А он? — О! Он — неотразим!»
Моя вторая книга «Рядом с любовью» расходилась куда хуже. Между тем, сочиняя ее, я предавалась сладострастию письма, терпеливой борьбе с фразой, которая вдруг становится податливой и распластывается перед тобой, как ручной зверек… А иногда все по-другому — долгое ожидание, засада, и нужное слово поймано… Верно, второй мой роман плохо продавался, но он принес мне, как это говорят? — ах да! — «уважение в литературных кругах». Что же до третьей книги — «Лес без птиц», то она сразу же провалилась и так и не вынырнула. Она-то и есть моя любимица, мой «неведомый шедевр»… Ее находят многословной, сбивчивой, растянутой, непонятной… Но и теперь еще, когда я ее открываю, она мне по-прежнему нравится, да и я себе в ней нравлюсь. Непонятно? Для вас, быть может. Но для меня ее теплая темнота высветляется. Для меня то или иное слово мигом оживляет в памяти запахи и цвета прожитых часов, оно звучит, оно полно жизни и таинственно, как раковина, в которой гудит море. И мне кажется, что я меньше бы любила эту книгу, если бы вы ее тоже любили… Можете не волноваться! Второй такой книги я уже не напишу, я просто не смогу.
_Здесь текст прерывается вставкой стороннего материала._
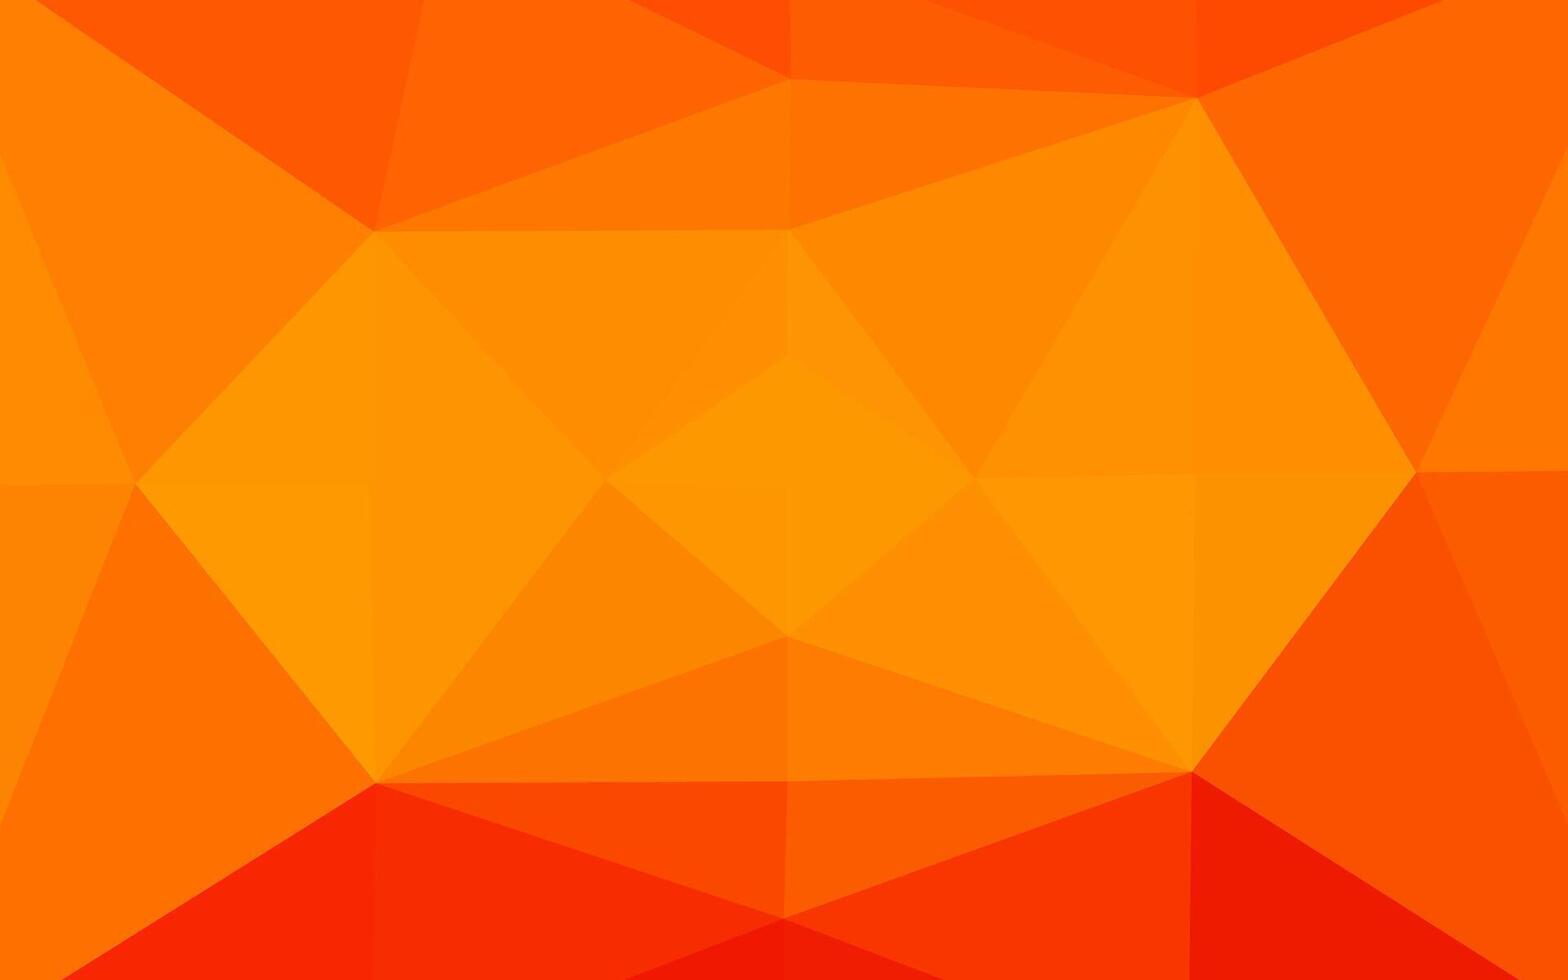 sfondo astratto mosaico vettoriale arancione chiaro.

Теперь у меня другая работа, другие заботы, и главная из них — зарабатывать себе на жизнь, менять на звонкую монету свои движения, свои танцы, звуки своего голоса… К этому я быстро привыкла и даже вошла во вкус, проявив чисто женскую жадность к деньгам. А то, что я зарабатываю себе на жизнь, — это факт. В минуты доброго расположения я говорю себе и не устаю это радостно повторять: «Я сама зарабатываю себе на жизнь!» Мюзик-холл, где я выступаю, как пантомимистка, танцовщица, а при случае — и как актриса, превратил меня в честную, жесткую коммерсант-ку, которая, себе на удивление, стала считать, вести деловые переговоры и торговаться…
Никто не понимал нашего разрыва. Но кто бы мог понять мое прежнее долготерпенье, мое трусливое жалкое попустительство? Увы! Простить трудно лишь первый раз… Адольф очень скоро убедился, что я принадлежу к лучшей породе истинных самок, к тем, которые, простив в первый раз, готовы, если с ними обходиться умело, терпеть обман и постепенно к нему привыкнуть… О, каким он был умелым учителем! Как ловко сочетал снисходительность с требовательностью. Случалось даже, что он поднимал на меня руку, когда я проявляла излишнюю строптивость, но не думаю, чтобы он это делал охотно. Человек, потерявший самообладание, не бьет так рассчетливо, а он бил меня время от времени исключительно для того, чтобы поднять свой авторитет. Во время нашего развода все были склонны обвинять меня одну, чтобы обелить «неотразимого Таиланди», виноватого лишь в том, что он нравится и предает. Я чуть было не отступила, совсем растерялась и едва не вернулась к своей прежней покорности из-за того шума, который поднялся вокруг нас…
— Представляете, он изменяет ей уже восемь лет кряду, а она только спохватилась!..
Меня посещали друзья, пользующиеся большим весом в обществе, и авторитетно заявляли: «Такова жизнь». Приходили и пожилые родственники, чей самый серьезный аргумент звучал так:
— Что делать, детка!..
Что делать? Это я очень хорошо знала. С меня было довольно. Что делать? Лучше умереть, чем дальше влачить эту жалкую жизнь униженной женщины, у которой «есть все, чтобы быть счастливой». Лучше умереть или отведать горечь нищеты перед самоубийством, но только не видеть больше Адольфа Таиланди, того самого Адольфа Таиланди, который так берег интимность супружеских отношений и умел предупреждать меня, не повышая голоса, но выпячивая свою страшную челюсть жандармского адъютанта:
— Я завтра начинаю писать портрет мадам Мотье. И будьте любезны, чтобы не было такой недовольной рожи.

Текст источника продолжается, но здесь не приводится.